The Tesla Model S has been chosen not just because of its techie cred, but also because Tesla has actually invested real resources in digital security. In fact, as we have previously covered Tesla hired “hacker princess” Kristen Paget away from Apple. Tesla has also pioneered an open vulnerability disclosure program, so anyone can report flaws in the car’s security. A first among automakers.
Still, Tesla isn’t too excited about the contest. Forbes reports that the Palo Alto based firm is neither involved with the contest nor very supportive. That is understandable, given that any success at the SyScan conference will make Tesla look bad, even if a Model S might in fact be significantly more challenging to hack than another product.
Even so, a successful hack is pretty likely. As Forbes has previously reported DARPA, the Defense Advanced Research Projects Agency, has already been researching inserting malicious code into cars; and the news isn’t good, because apparently it isn’t that hard.
Two researchers, Charlie Miller and Chris Valasek were able to remotely control cars from Ford and Toyota, activating the brakes and interfering with steering. Another reason to not love electric power steering.
With that in mind it is unlikely that the SyScan competition will produce good news about the Tesla’s security, but the competition itself might be the best news possible.
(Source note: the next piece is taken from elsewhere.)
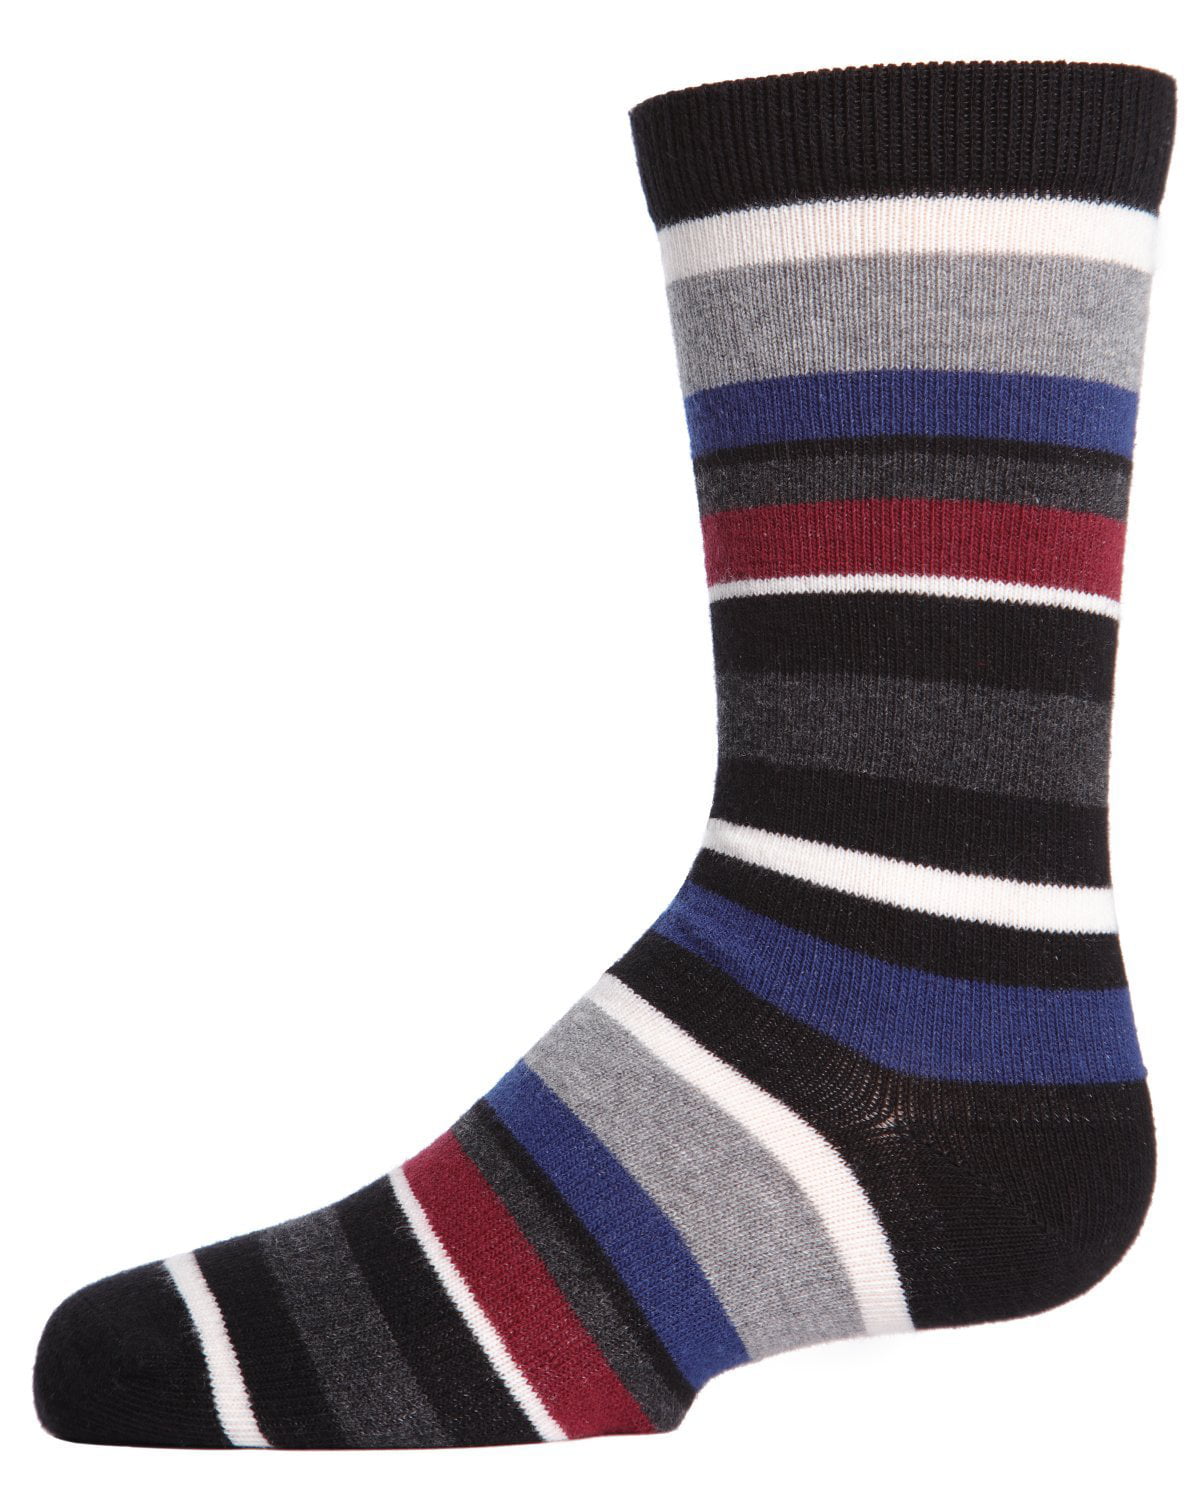 MeMoi - MeMoi Bright Stripes Boys Crew Socks | Fun Socks for Boys by ...
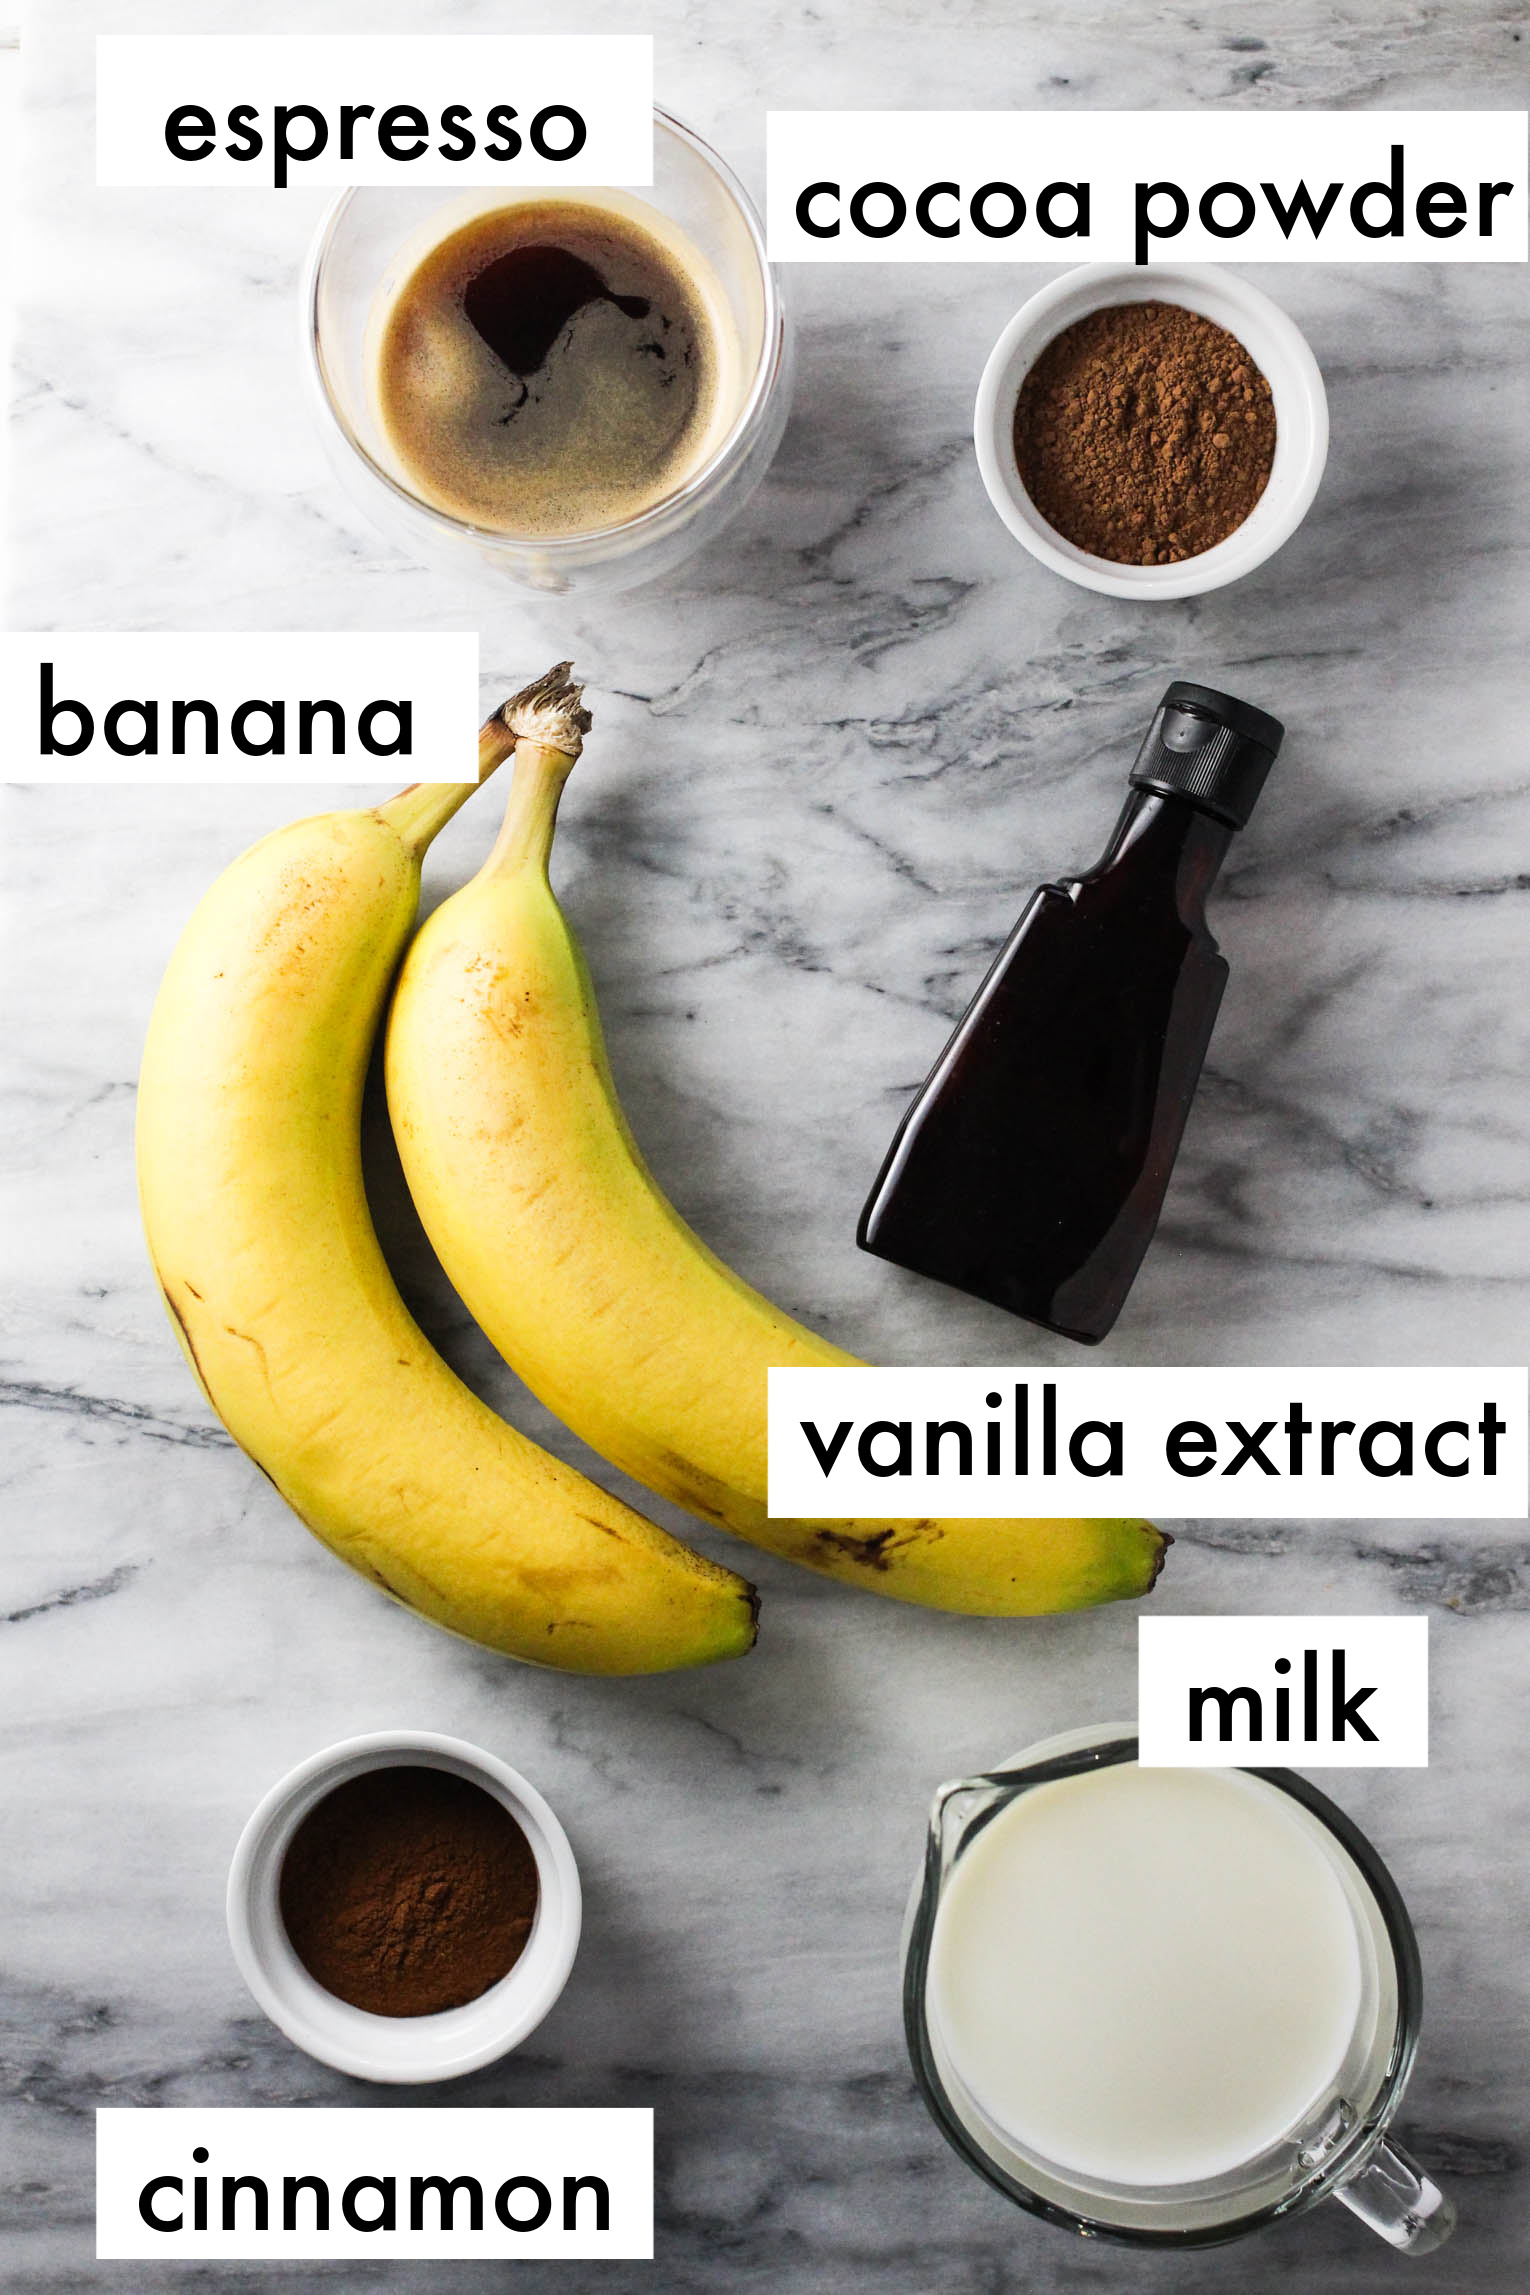 Ingredients for chocolate banana smoothie labeled as follows: espresso, cocoa powder, banana, vanilla extract, milk, cinnamon.

Digital cars aren’t going away, in fact with widespread sales of autonomous cars on the horizon cars are about to get much more dependent on computers, and potentially networking. With that in mind, digital security may end up being a major issue in the industry, and one automakers are loathe to discuss. With that in mind, any attention drawn to the issue, like that from the SyScan conference may end up being critical to ensure that cars in the digital age are safe and secure.